W celu uzupełnienia tych ostrzeżeń o prawdzie dotyczącej specjalnych trybów szybkiej akwizycji, można jeszcze dodać, że jeszcze wiele innych parametrów decyduje o częstości wyświetlania przebiegów. Niektóre z nich, to zakres podstawy czasu, dostępne pomiary, liczba aktywnych kanałów, wielkość pamięci, złożoność wyświetlanego przebiegu, itd.
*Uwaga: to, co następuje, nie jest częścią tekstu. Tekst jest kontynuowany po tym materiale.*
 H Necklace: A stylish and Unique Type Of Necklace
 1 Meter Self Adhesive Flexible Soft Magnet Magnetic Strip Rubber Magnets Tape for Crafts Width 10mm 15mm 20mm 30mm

Na rys. 3 pokazano wykres przedstawiający liczbę wyświetlanych w ciągu sekundy przebiegów jako funkcję nastawy podstawy czasu, w przypadku oscyloskopu Agilent serii 6000.

Podsumowanie

Prezentowane rozwiązania, zastosowane w najnowszych rodzinach cyfrowych oscyloskopów firmy Agilent, ułatwiają stosowanie ich do diagnostyki urządzeń, w których są stosowane szybkie układy cyfrowe (typowy obszar występowania sygnałów metastabilnych), wykorzystujących optyczne i kablowe tory transmisyjne lub układy analogowe podatne na nieregularnie występujące zakłócenia impulsowe. Takich aplikacji jest coraz więcej, a dzięki postępowi w technologii pomiarów cyfrowych, nie jesteśmy wobec tych trudnych zjawisk bezbronni.